Using GeoParams.jl to define the rheology of the material phases
In this example, we will define a rheology for a 3D plume model using the GeoParams.jl package. The model will consist of for four different rheology layers: upper crust, lower crust, lithospheric mantle, and sublithospheric mantle. We will use a non-Newtoninan visco-elasto-plastic rheology.
We will start by defining the physical parameters of the diffusion and dislocation creep laws of every phase:
julia
using GeoParams
disl_upper_crust = DislocationCreep(A = 5.07e-18, n = 2.3, E = 154.0e3, V = 6.0e-6, r = 0.0, R = 8.3145)
disl_lower_crust = DislocationCreep(A = 2.08e-23, n = 3.2, E = 238.0e3, V = 6.0e-6, r = 0.0, R = 8.3145)
disl_lithospheric_mantle = DislocationCreep(A = 2.51e-17, n = 3.5, E = 530.0e3, V = 6.0e-6, r = 0.0, R = 8.3145)
disl_sublithospheric_mantle = DislocationCreep(A = 2.51e-17, n = 3.5, E = 530.0e3, V = 6.0e-6, r = 0.0, R = 8.3145)
diff_lithospheric_mantle = DislocationCreep(A = 2.51e-17, n = 1.0, E = 530.0e3, V = 6.0e-6, r = 0.0, R = 8.3145)
diff_sublithospheric_mantle = DislocationCreep(A = 2.51e-17, n = 1.0, E = 530.0e3, V = 6.0e-6, r = 0.0, R = 8.3145)then their elastic properties
julia
el_upper_crust = SetConstantElasticity(; G = 25.0e9, ν = 0.5)
el_lower_crust = SetConstantElasticity(; G = 25.0e9, ν = 0.5)
el_lithospheric_mantle = SetConstantElasticity(; G = 67.0e9, ν = 0.5)

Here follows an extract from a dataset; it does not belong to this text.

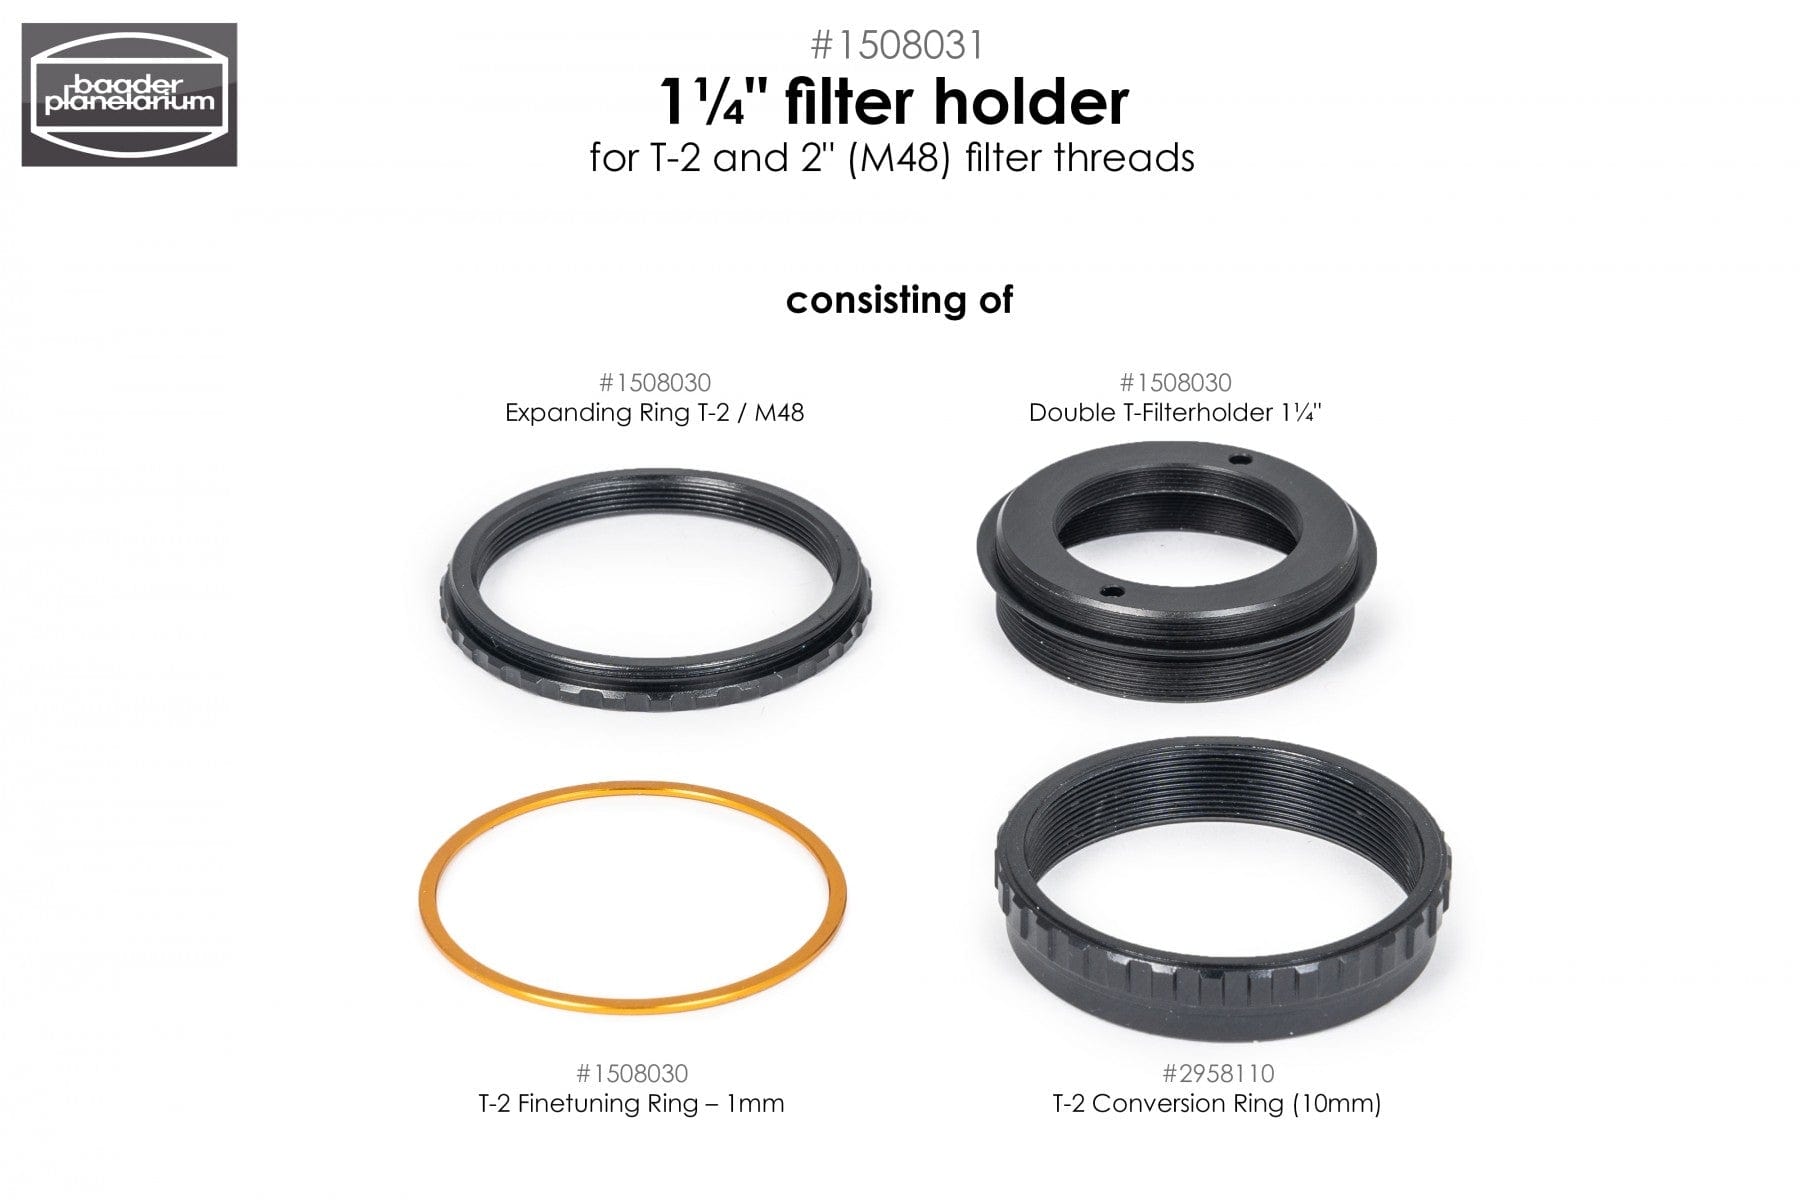 Baader Planetarium Accessory 1¼"-Filterholder for T-2 and 2" filter threads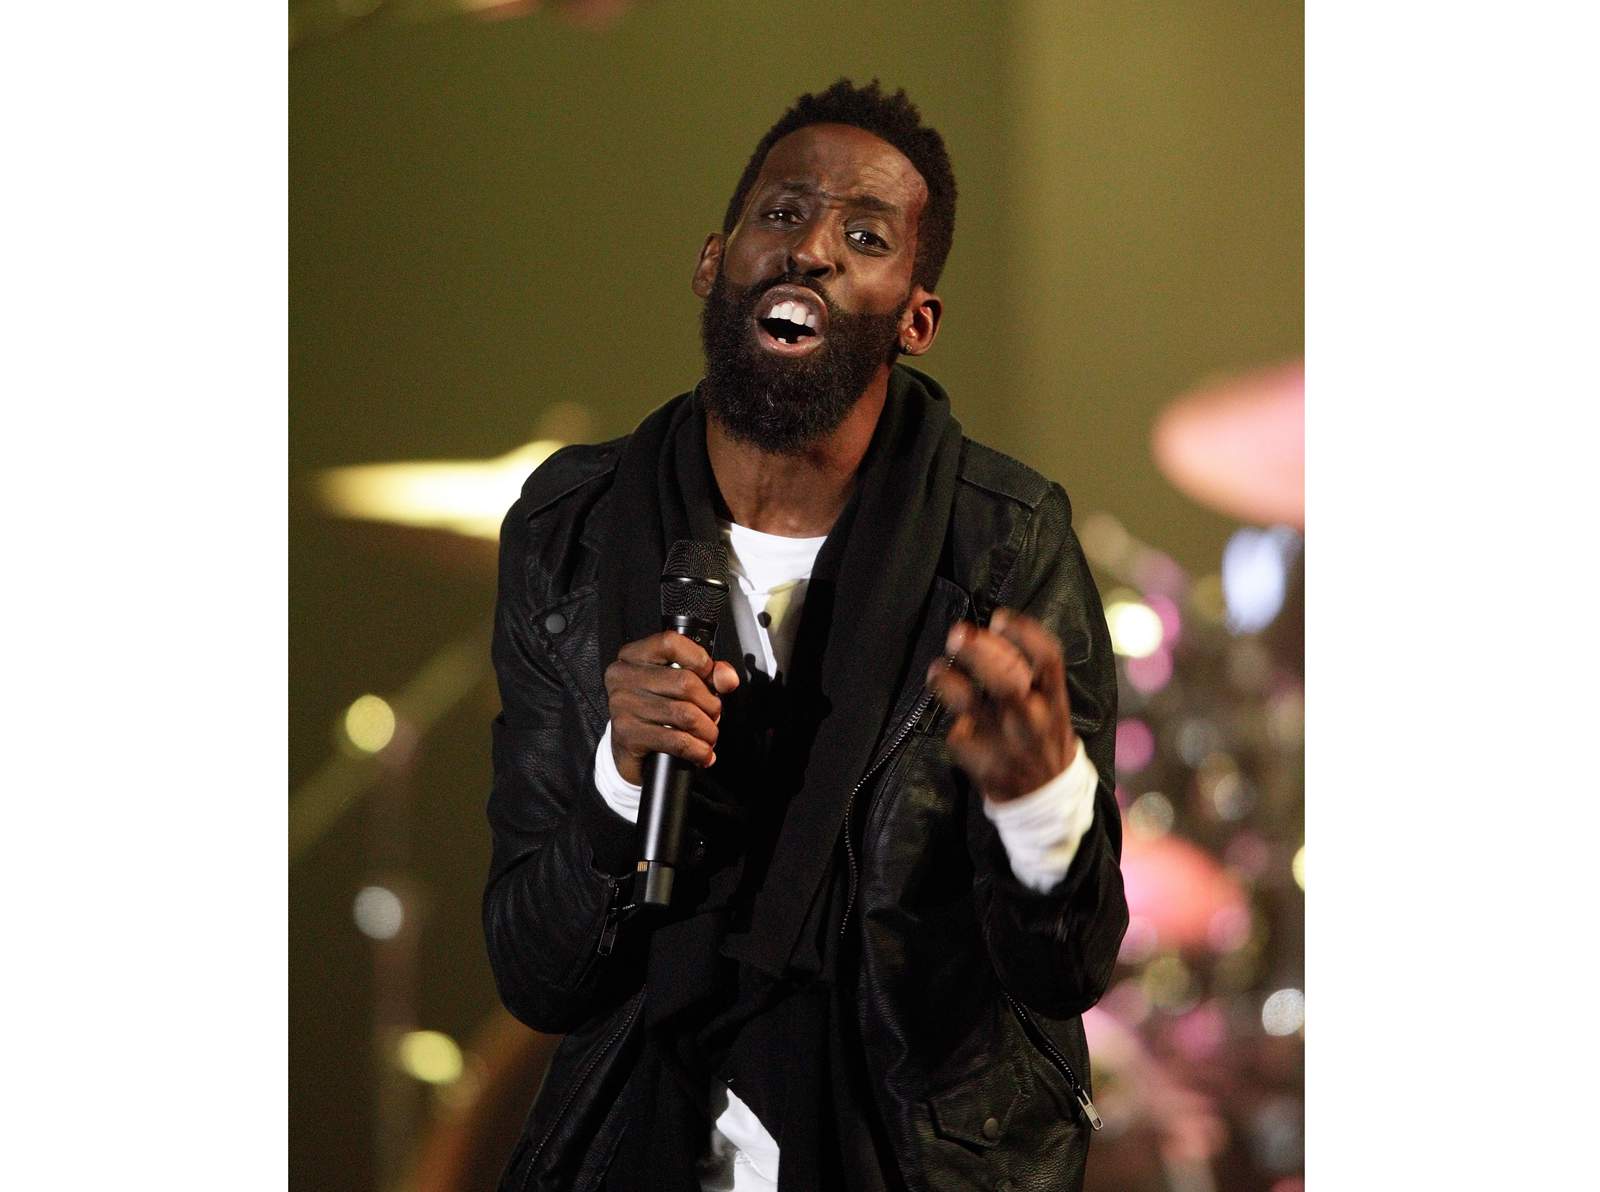 Tye Tribbett sends positive vibes with song amid virus

el_sublithospheric_mantle = SetConstantElasticity(; G = 67.0e9, ν = 0.5)
β_upper_crust = inv(get_Kb(el_upper_crust))
β_lower_crust = inv(get_Kb(el_lower_crust))
β_lithospheric_mantle = inv(get_Kb(el_lithospheric_mantle))
β_sublithospheric_mantle = inv(get_Kb(el_sublithospheric_mantle))plastic properties, where we use the regularised Drucker-Prager model:
julia
η_reg = 1.0e16
cohesion = 3.0e6
friction = asind(0.2)
pl_crust = DruckerPrager_regularised(; C = cohesion, ϕ = friction, η_vp = η_reg, Ψ = 0.0)
friction = asind(0.3)
pl = DruckerPrager_regularised(; C = cohesion, ϕ = friction, η_vp = η_reg, Ψ = 0.0) #then the pressure- and temperature-dependant thermal conductivities for the crust and mantle:
julia
K_crust = TP_Conductivity(;
a = 0.64,
b = 807.0e0,
c = 0.77,
d = 0.00004 * 1.0e-6,
)
K_mantle = TP_Conductivity(;
a = 0.73,
b = 1293.0e0,
c = 0.77,
d = 0.00004 * 1.0e-6,
)and finally we can things up together in a rheology tuple along with other material properties:
julia
rheology = (
# Name = "UpperCrust",
SetMaterialParams(;
Phase = 1,
Density = PT_Density(; ρ0 = 2.75e3, β = β_upper_crust, T0 = 0.0, α = 3.5e-5),
HeatCapacity = ConstantHeatCapacity(; Cp = 7.5e2),
Conductivity = K_crust,
CompositeRheology= CompositeRheology((disl_upper_crust, el_upper_crust, pl_crust)),
Elasticity = el_upper_crust,
Gravity = ConstantGravity(; g = 9.81),
),
# Name = "LowerCrust",
SetMaterialParams(;
Phase = 2,
Density = PT_Density(; ρ0 = 3.0e3, β = β_lower_crust, T0 = 0.0, α = 3.5e-5),
HeatCapacity = ConstantHeatCapacity(; Cp = 7.5e2),
Conductivity = K_crust,
CompositeRheology= CompositeRheology((disl_lower_crust, el_lower_crust, pl_crust)),
Elasticity = el_lower_crust,
),
# Name = "LithosphericMantle",
SetMaterialParams(;
Phase = 3,
Density = PT_Density(; ρ0 = 3.3e3, β = β_lithospheric_mantle, T0 = 0.0, α = 3.0e-5),
HeatCapacity = ConstantHeatCapacity(; Cp = 1.25e3),
Conductivity = K_mantle,
CompositeRheology= CompositeRheology((disl_lithospheric_mantle, diff_lithospheric_mantle, el_lithospheric_mantle, pl)),
Elasticity = el_lithospheric_mantle,
),
# Name = "Plume",
SetMaterialParams(;
Phase = 4,
Density = PT_Density(; ρ0 = 3.3e3 - 50, β = β_sublithospheric_mantle, T0 = 0.0, α = 3.0e-5),
HeatCapacity = ConstantHeatCapacity(; Cp = 1.25e3),
Conductivity = K_mantle,
CompositeRheology= CompositeRheology((disl_sublithospheric_mantle, diff_sublithospheric_mantle, el_sublithospheric_mantle)),
Elasticity = el_sublithospheric_mantle,
),
)